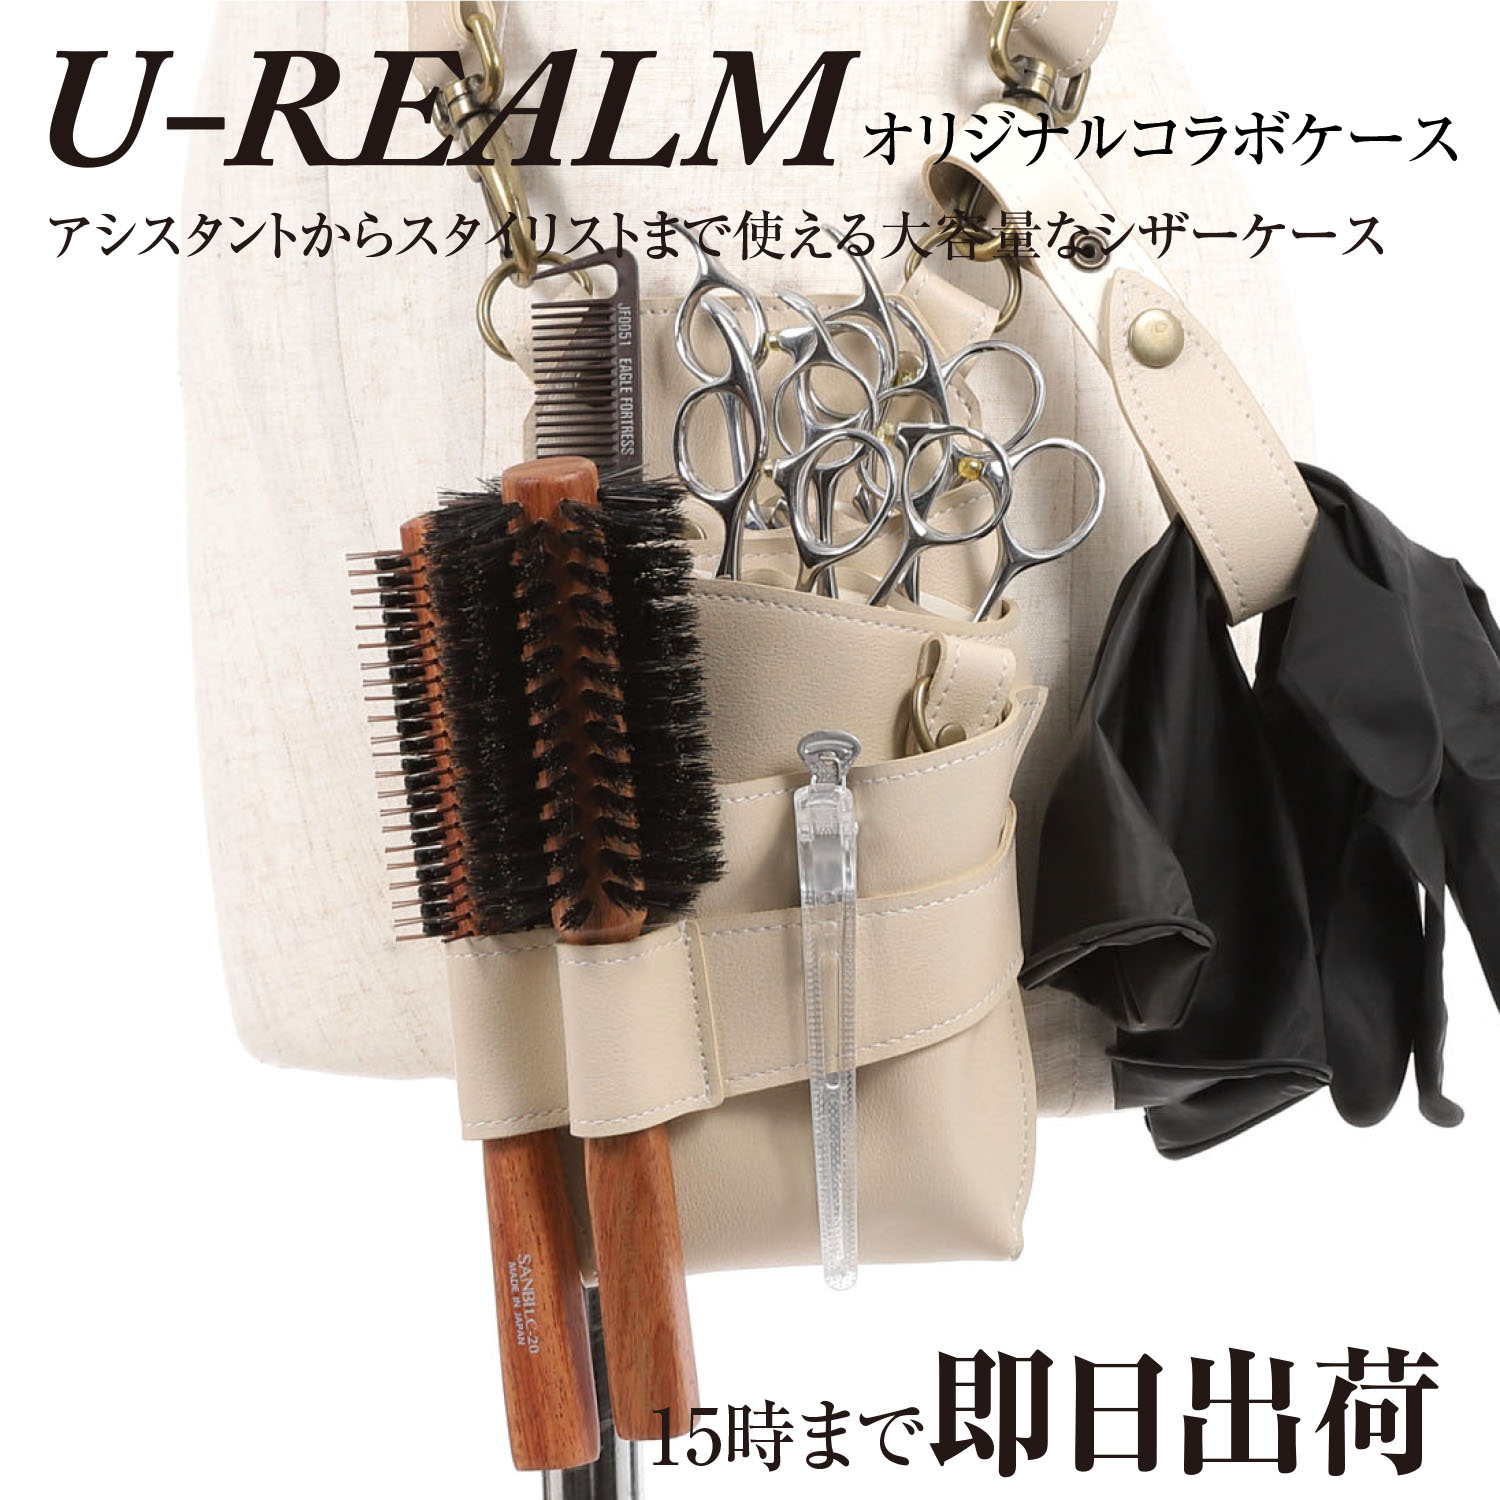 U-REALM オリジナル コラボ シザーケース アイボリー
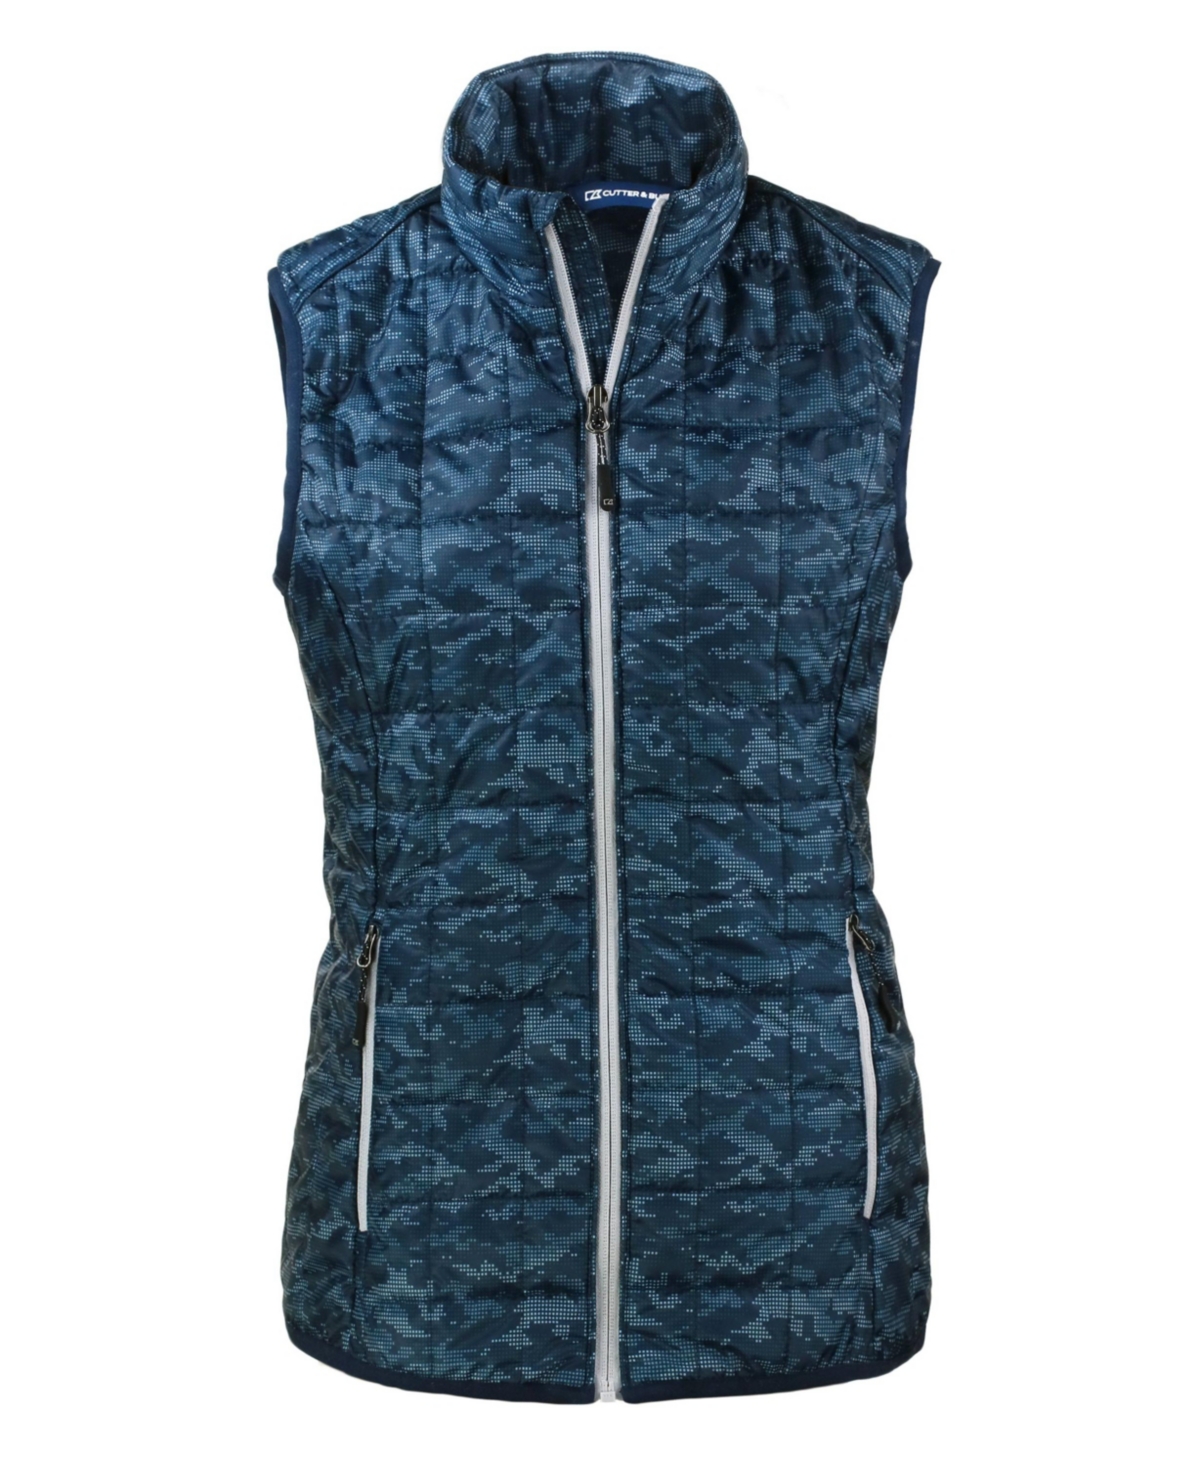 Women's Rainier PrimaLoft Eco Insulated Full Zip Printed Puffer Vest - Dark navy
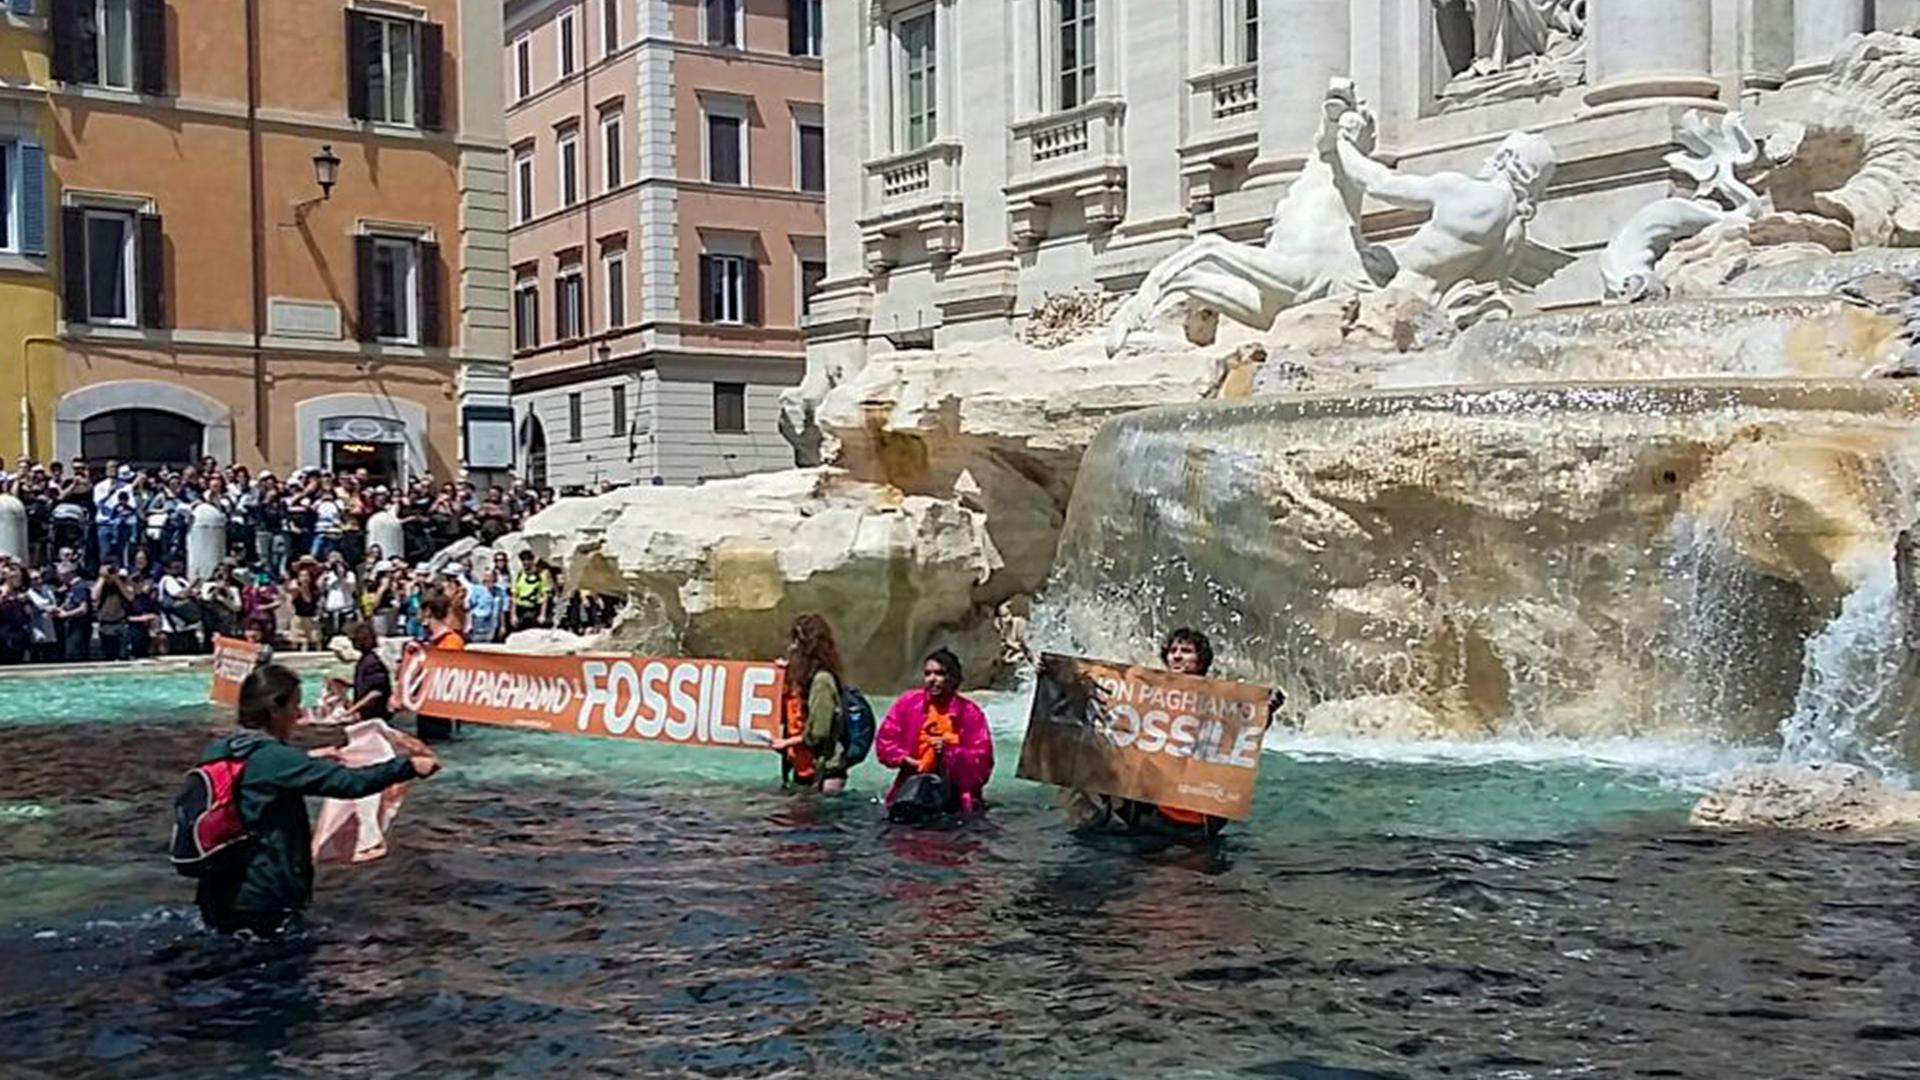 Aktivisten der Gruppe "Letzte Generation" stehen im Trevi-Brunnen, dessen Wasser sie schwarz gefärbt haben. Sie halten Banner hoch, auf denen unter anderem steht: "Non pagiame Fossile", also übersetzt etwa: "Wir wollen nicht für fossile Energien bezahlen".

━━━━━━━━━━━━━━━━━━━━━━━━━━━━━━

**WHAT YOU WILL DO:** Copy out the data verbatim, excluding the pictures.

**WRITTEN RESPONSE:**
 U-REALM オリジナル コラボ シザーケース アイボリー
 Women's Rainier PrimaLoft Eco Insulated Full Zip Printed Puffer Vest - Dark navy
 Aktivisten der Gruppe "Letzte Generation" stehen im Trevi-Brunnen, dessen Wasser sie schwarz gefärbt haben. Sie halten Banner hoch, auf denen unter anderem steht: "Non pagiame Fossile", also übersetzt etwa: "Wir wollen nicht für fossile Energien bezahlen".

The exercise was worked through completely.